Let's say we have a requirement to create a system that consumes a high-volume, real-time data stream of documents, and that matches those documents against a set of user-defined search queries as those documents become available. This is a prospective, as opposed to a retrospective, search service. What would be an appropriate persistence solution?
Suppose that users want to see a live feed of documents that match their queries--think Google Alerts--and that the feed must display certain metadata for each document. Let's assume an indefinite lifespan for matches; i.e., the system will allow the user to see all of the matches for a query from the time when the particular query was created. So the metadata for each document that comes in the stream, and the associations between the document and the user queries that matched that document, must be persisted to a database.
Let's throw in another requirement, that users want to be able to facet on some of the metadata: e.g., the user wants to see only the matching documents for a particular query whose metadata field "result type" equals "blog," and wants a count of the number of blog matches.
Here are some hypothetical numbers:
200,000 new documents in the data stream every day.
-The metadata for every document is persisted.
1000 users with about 5 search queries each: about 5000 total user search queries.
-These queries are simple boolean queries.
-As each new document comes in, it is processed against all 5000 queries to see which queries are a match.
Each feed--one for each user query--is refreshed to the user every minute. In other words, for every feed, a query to the database for the most recent page of matches is performed every minute.
Speed in displaying the feed to the user is of paramount importance. Scalability and high availability are essential as well.
The relationship between users and queries is relational, as is the relationship between queries and matching documents, but the document metadata itself are just key-value pairs. So my initial thought was to keep the relational data in a relational DB like MySQL and the metadata in a NoSQL DB, but can the faceting requirement be achieved in a NoSQL DB? Also, constructing a feed would then require making a call to two separate data stores, which is additional complexity. Or perhaps shove everything into MySQL, but this would entail lots of joins and counts. If we store all the data as key-value pairs in some other kind of data store, again, how would we do the faceting? And there would be a ton of redundant metadata for documents that match more than one search query.
What kind of database(s) would be a good fit for this scenario? I'm aware of tools such as Twitter Storm and Yahoo's S4, which could be used to construct the overall architecture of such a system, but I'd like to focus on the database, given the data storage, volume, and query/faceting requirements.
First, I disagree with Ben. 200k new records per day compares with 86,400 seconds in a day, so we are talking about three records per second. This is not earth shattering, but it is a respectable clip for new data.
Second, I think this is a real problem that people face. I'm not going to be one that says that this forum is not appropriate for the topic.
I think the answer to the question has a lot to do with the complexity and type of user queries that are supported. If the queries consist of a bunch of binary predicates, for instance, then you can extract the particular rules from the document data and then readily apply the rules. If, on the other hand, the queries consist of complex scoring over the text of the documents, then you might need an inverted index paired with a scoring algorithm for each user query.
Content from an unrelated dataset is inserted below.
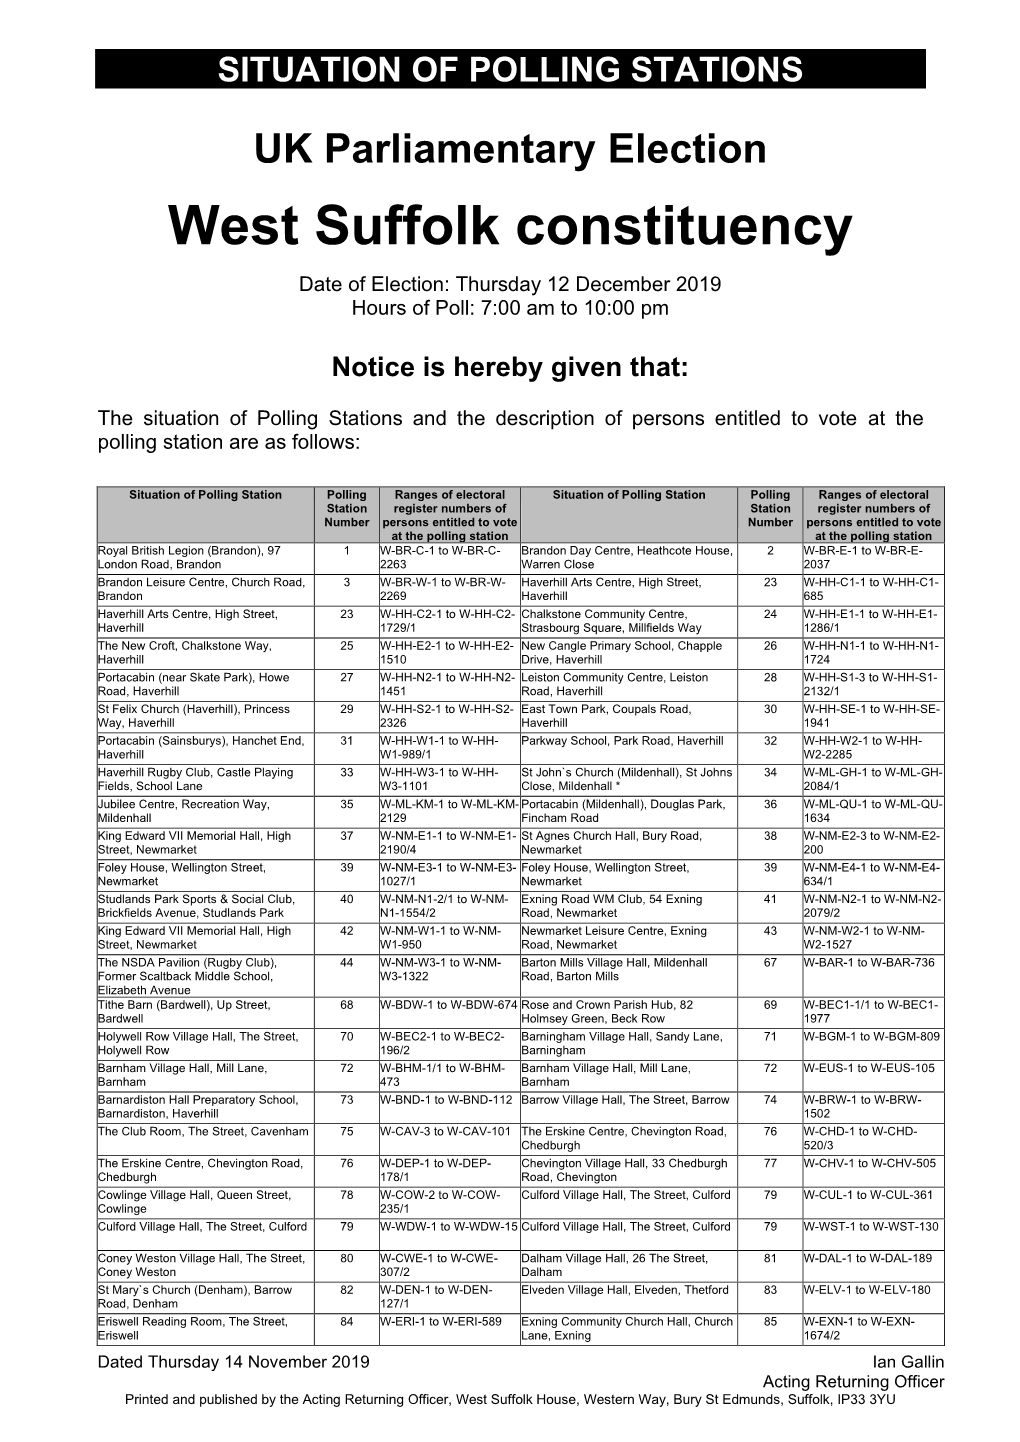 West Suffolk Constituency

My approach to such a system would be to parse the queries into individual data elements that can be determined from each document (which I might call a "queries signature" since the results would contain all fields needed to satisfy the queries). This "queries signature" would be created each time a document was loaded, and it could then be used to satisfy the queries.
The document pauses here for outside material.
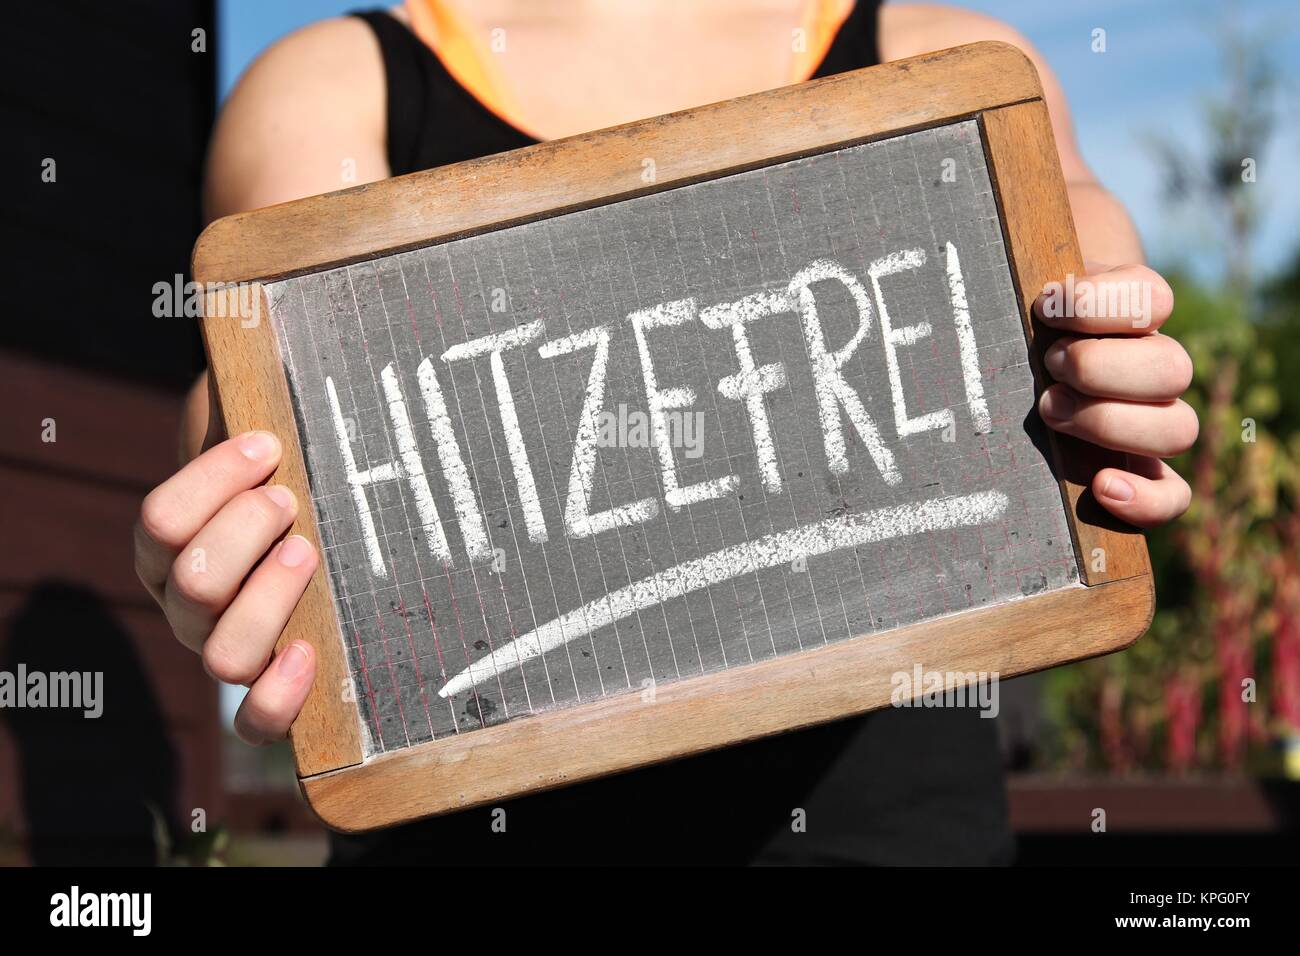 Hitzefrei German

Adding a new query would require processing all the documents to assign new values. Given the volume of data, this might need to be more of a batch task.
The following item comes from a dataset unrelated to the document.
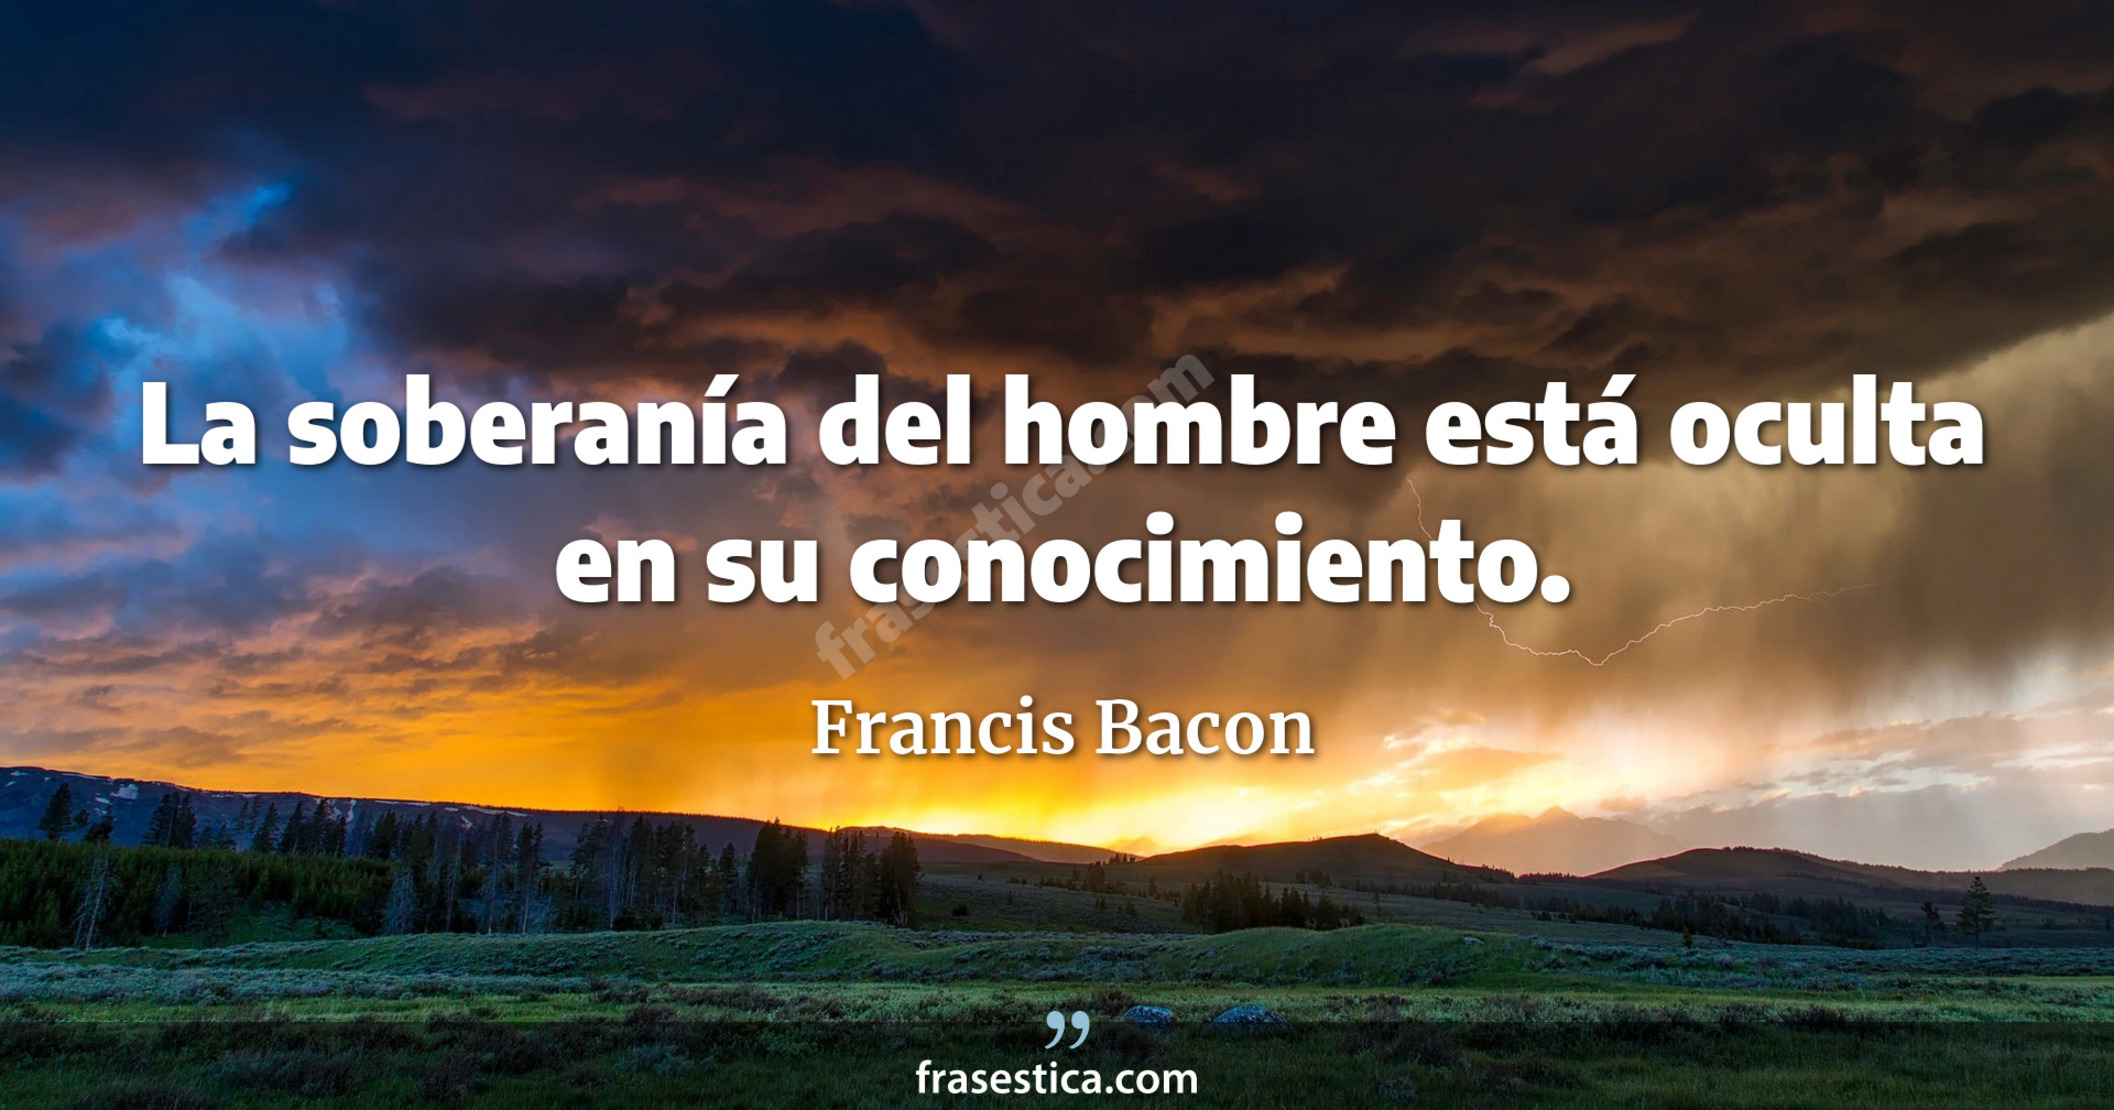 La soberanía del hombre está oculta en su conocimiento. - Francis Bacon

Whether SQL is appropriate depends on the features that you need to extract from the data. This in turn depends on the nature of the user queries. It is possible that SQL is sufficient. On the other hand, you might need more sophisticated tools, especially if you are using text mining concepts for the queries.
Thinking about this, it sounds like an event-processing task, rather than a regular data processing operation, so it might be worth investigating Complex Event Processing systems - rather than building everything on a regular database, using a system which processes the queries on the incoming data as it streams into the system. There are commercial systems which can hit the speed & high-availability criteria, but I haven't researched the available OSS options (luckily, people on quora have done so).
Take a look at Elastic Search. It has a percolator feature that matches a document against registered queries.
http://www.elasticsearch.org/blog/2011/02/08/percolator.html
I'm working on building a web application that consists of users doing the following:
Browse and search against a Solr server containing millions of entries. (This part of the app is working really well.)
Select a privileged piece of this data (the results of some particular search), and temporarily save it as a "dataset". (I'd like dataset size to be limited to something really large, say half a million results.)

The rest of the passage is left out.